Keegan Kilbride took first with consistent skiing and a unique take on the course, including an innovative nollie 450 over the concrete barriers to the down in the third stage of the course. LJ Strenio—who managed to get inverted more than any other athlete tonight—took second. Quinn Wolferman’s distinctive style and intensely focused approach to the course earned him third.
The looser competition setting—with fewer rules, more opportunity for risk-taking, and a much more engaged crowd—was a welcome change for the athletes.
“When the events are on the mountain it’s hard to be interacting with the crowd, but here you get direct feedback as you’re skiing. You’re walking back up and there are kids throwing their hands out, you’re high fiving kids on your way. You feed off the crowd and the crowd loves being right there with you. It’s just an all around good feeling,” said Strenio.
Timmy McChesney also came away with an award: best trick, which he took home in this event last year as well. The winning hit was a massive 360 gap over the first feature—a snow-filled dumpster—to the angled table below it, with a 180 out.
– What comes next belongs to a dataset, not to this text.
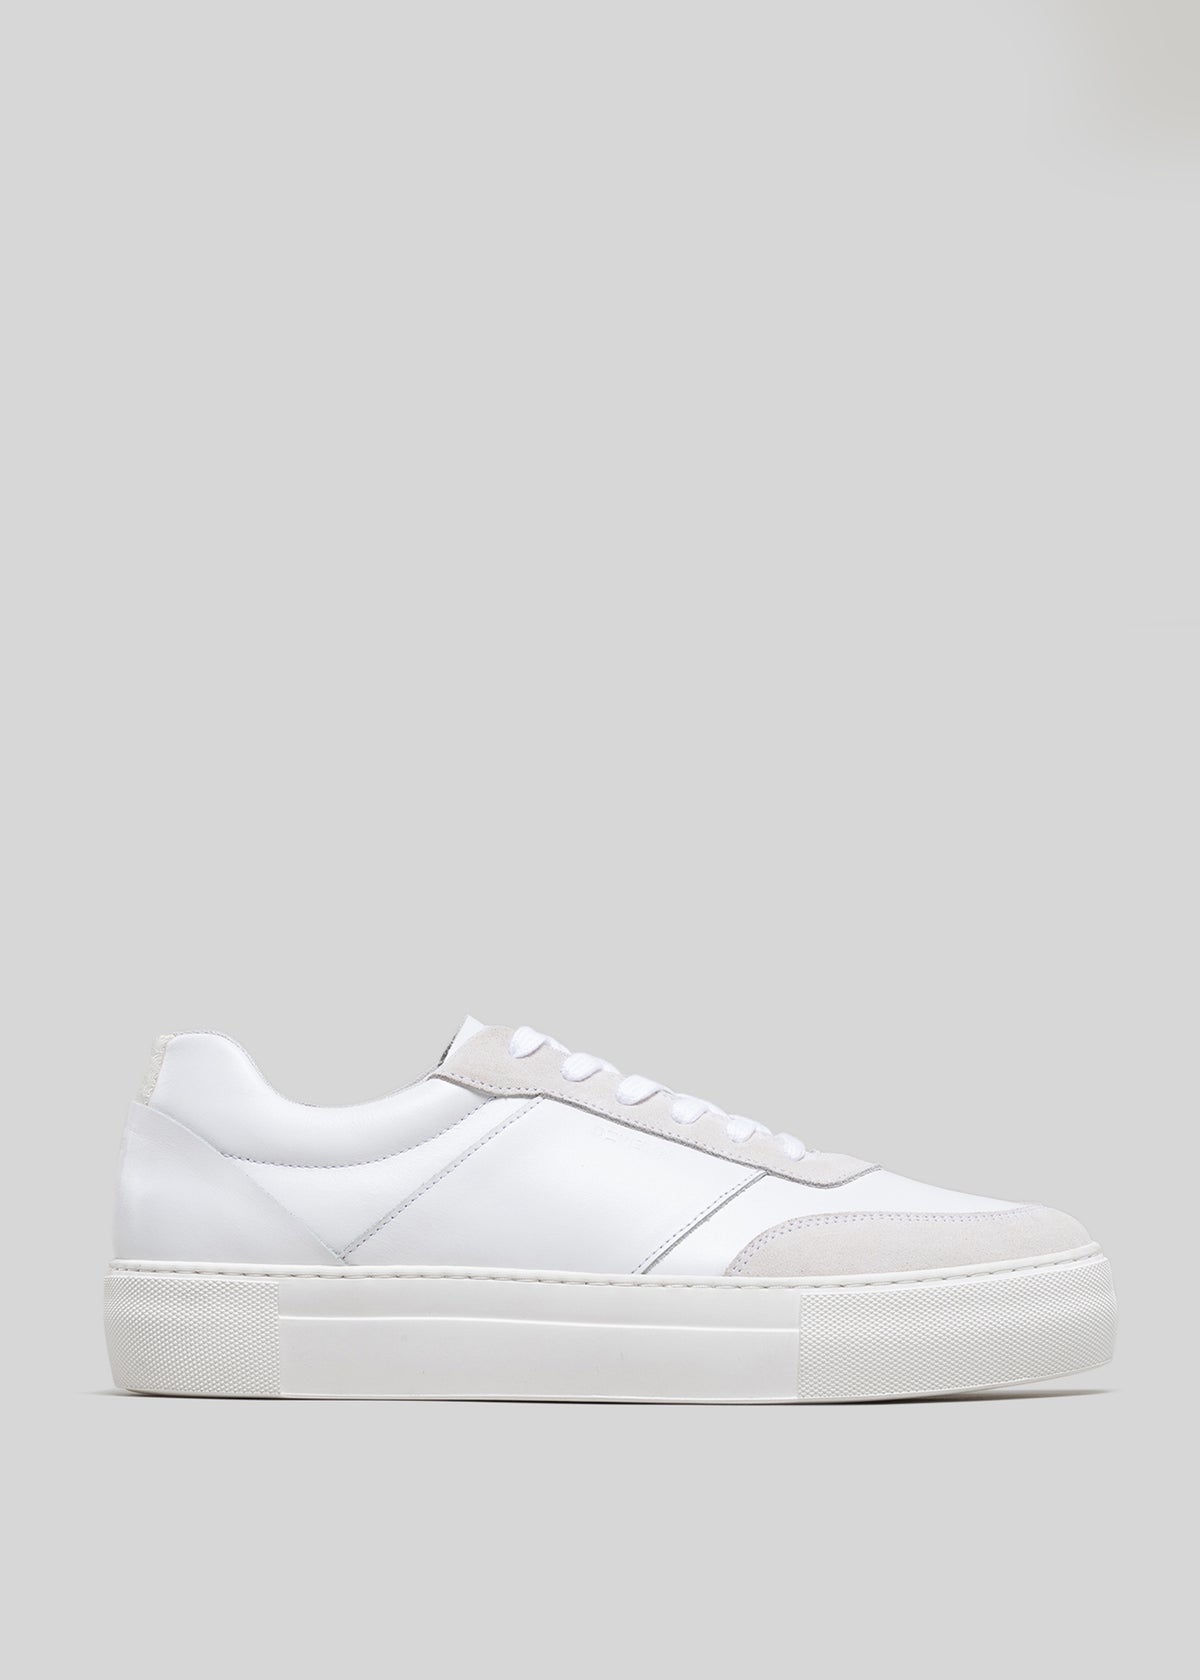 Vue latérale d'une Start with a White Canvas, low-top sneaker avec une semelle plate et des lacets blancs sur un fond gris.

The challenging course offered endless opportunity to innovate, and the steep drop-in gave athletes the speed they needed for big hits like McChesney’s, It was a significantly different course than last year, with a more natural flow to it.
“It was fun last year for sure but this year it was just better, faster. The drop-in was really sick, the park crew did a really good job. I loved the jersey barriers—those concrete jersey barriers? Those are my favorite things in the world. I love all the creative features the park crew put in,” said Kilbride, a down-to-earth Maine native who is blowing up right now. In addition to winning tonight’s event, he took home the award for Breakthrough Performance at Thursday’s Powder Awards, and last year won Level 1’s Superunknown competition.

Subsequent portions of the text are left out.